What is Agile Scrum Methodology?

One of the most popular agile methodologies in use today. Scrum is a lightweight software development methodology that focuses on having small time-boxed sprints of new functionality that are incorporated into an integrated product baseline. Scrum places an emphasis on customer interaction, feedback and adjustments rather than documentation and prediction.

Why Use Scrum and Extreme Programming (XP)?

Traditionally projects are delivered in a series of phases that are based on increasing levels of certainty around the system being built:

However this approach has many drawbacks:

  • It is not flexible to changes in customer requirements
  • Time is wasted building features that nobody needs
  • The end user cannot give feedback till it’s completed coded
  • You don’t know how stable the system is until the end

How Is Scrum Different?

One of the most popular agile methodologies in use today. Scrum is a lightweight software development methodology that focuses on having small time-boxed sprints of new functionality that are incorporated into an integrated product baseline. Scrum places an emphasis on customer interaction, feedback and adjustments rather than documentation and prediction.

Instead of phases, Scrum projects are broken down into releases and sprints. At the end of each sprint you have a fully functioning system that could be released:

With scrum projects, the requirements for the project do not have to be codified up-front, instead they are prioritized and scheduled for each sprint. The requirements are composed of ‘user stories’ that can be scheduled into a particular release and sprint:

Scrum is often deployed in conjunction with other agile methods such as Extreme Programming (XP) since such methods are in reality mostly complimentary, with XP focusing on the engineering (continuous integration, test-driven development, etc.) and Scrum focusing more on the project management side (burn-down, fixed scope for sprints/iterations). So project managers should choose elements of the Scrum project management methodology and other methods/tools together for the specific project. Since Scrum is a more defined project management methodology in terms of tools and processes, it is often easier to adopt from day one with less initial invention and customization.

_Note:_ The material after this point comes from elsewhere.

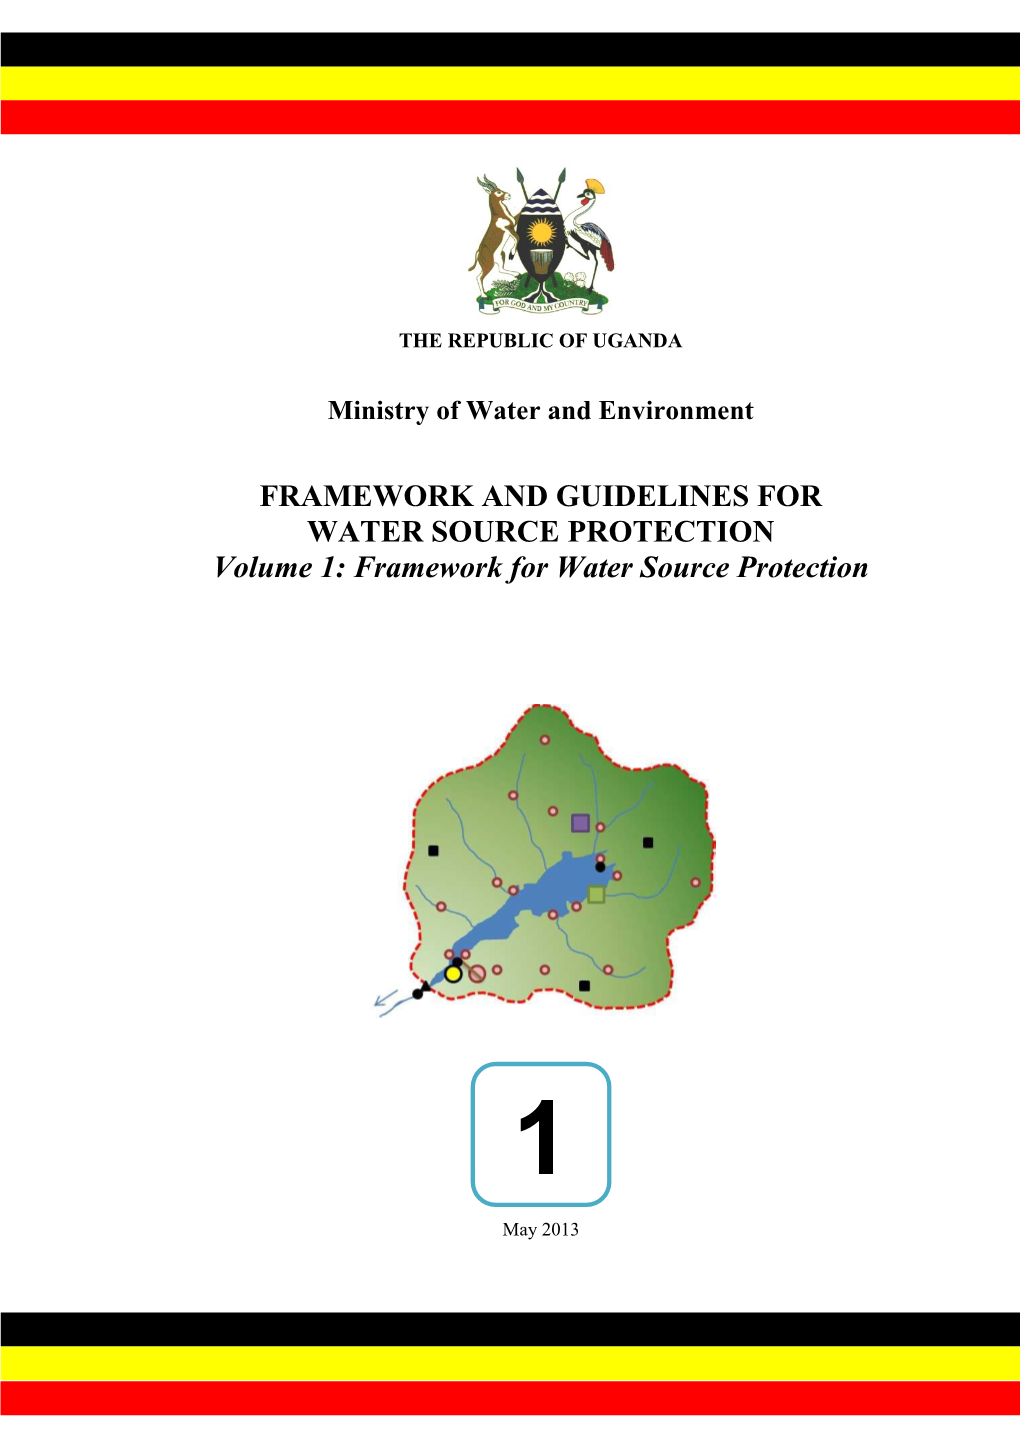 (Volume 1 of Framework and Guidelines for Water Source

How Is Extreme Programming Different?

The idea developed by Kent Beck was to use best programming practices but take them to the extreme – hence the name. As such, none of the individual concepts of XP are really new, but their application and combination is what makes XP different, or at least did in the 2000s, which is when it initially became popular. XP advocates adaptability; recognizing that each project faces different problems, applying those methods that will work and discarding those that will not. Partial XP therefore becomes a true possibility, often combined with Scrum, which has gaps in its definition particularly suited to adoption of XP practices.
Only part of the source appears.